Unterstützt werden diese Funktionen durch Dosiernadelvermessungen, Waagen zur Dosierschusskontrolle und eine taktile oder visuelle Werkstückerkennung. Um die geforderten Qualitäten zu erreichen, müssen sowohl passende Dosiersysteme entwickelt und optimiert werden als auch die Dosieranlagen selbst, die immer exakter und schneller arbeiten.

Nicht alle Dosiertechnik-Hersteller beherrschen enge Toleranzen

Die Genauigkeit der Applikation „hängt von den Vorgaben des Kunden und davon, wie er seine Toleranzgrenzen definiert, ab“, erläutert Bernd Schneider, Geschäftsführer der Cario Dosiertechnik GmbH. „Allerdings: Bei 5 mg und einem Mischungsverhältnis 100:1 gibt jede Dosierzelle auf“, ist Schneider überzeugt.

Dipl.-Ing. Hartmut Storz, Leiter Marketing und Vertrieb der Firma Rampf Dosiertechnik, sieht dies anders: „Wir definieren Genauigkeit über das Schuss- oder Dosiergewicht. Bei Kunden geht es um ± 5 mg oder ± 1 g. Eine Differenz von ± 1 g beherrschen alle Dosiertechnikhersteller, die ± 5 mg dagegen, da wird es ein wenig enger.“

Enge Kooperation aller Beteiligten ist wesentlich

Doch in einem sind sich alle Dosiersystemhersteller einig. Um eine Dosiereinheit mit exzellentem Endergebnis herzustellen, ist eine enge Kooperation zwischen Kunden und Material-, Hilfsstoff- und Dosiersystemherstellern wesentlich.

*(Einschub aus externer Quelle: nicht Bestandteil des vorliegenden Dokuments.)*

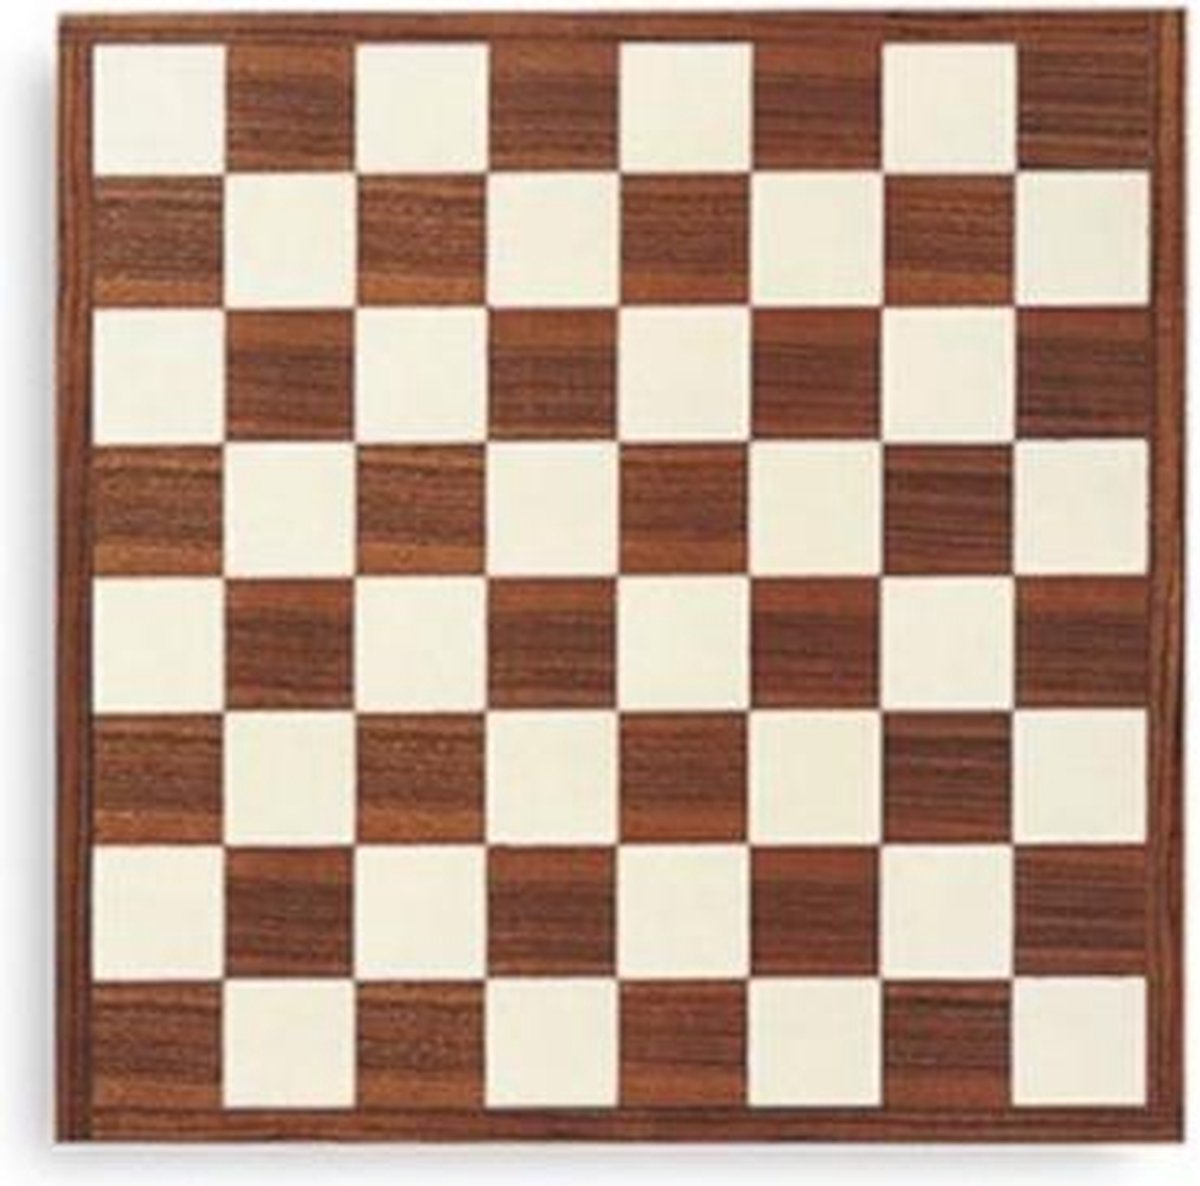 schaakbord 31 x 31 cm hout bruin/wit

Wenn der Kunde weiß, welche Hilfsstoffe er verarbeiten will, werden Applikationsweise und Rahmenbedingungen überprüft. Anschließend arbeiten die Ingenieure ein Maschinenkonzept aus. Oft braucht der Kunde auch Unterstützung bei der Materialauswahl. Dann beginnt die Suche, und dem Kunden werden verschiedene Möglichkeiten vorgeschlagen. Das so entstandene Konzept wird nun auf seine Durchführbarkeit geprüft.

Gleichwohl ist das erste Testergebnis oft nicht optimal. Die Gründe dafür können sowohl beim Material- oder Hilfsstoffhersteller als auch beim Kunden liegen. So berücksichtigen Kunden oft nicht die Notwendigkeit eines Vergusses, der Klebe-operation oder Dichtfunktion.

„In so einem typischen Fall entwickelt der Kunde ein Produkt, ignoriert jedoch die Möglichkeit, dass beim Abdichten oder Vergießen Probleme entstehen könnten“, erklärt Hartmut Storz. „Später stellt er fest, dass es nicht funktioniert. Oder es stellt sich erst nach Entwicklung eines Bauteils heraus, dass noch Klebe- oder Dichtoptionen nötig sind. Dann existieren nur begrenzte, im schlimmsten Fall gar keine Einbauräume. Und dann wird generell die Technologie vergewaltigt und das Material dazu“, bedauert Storz.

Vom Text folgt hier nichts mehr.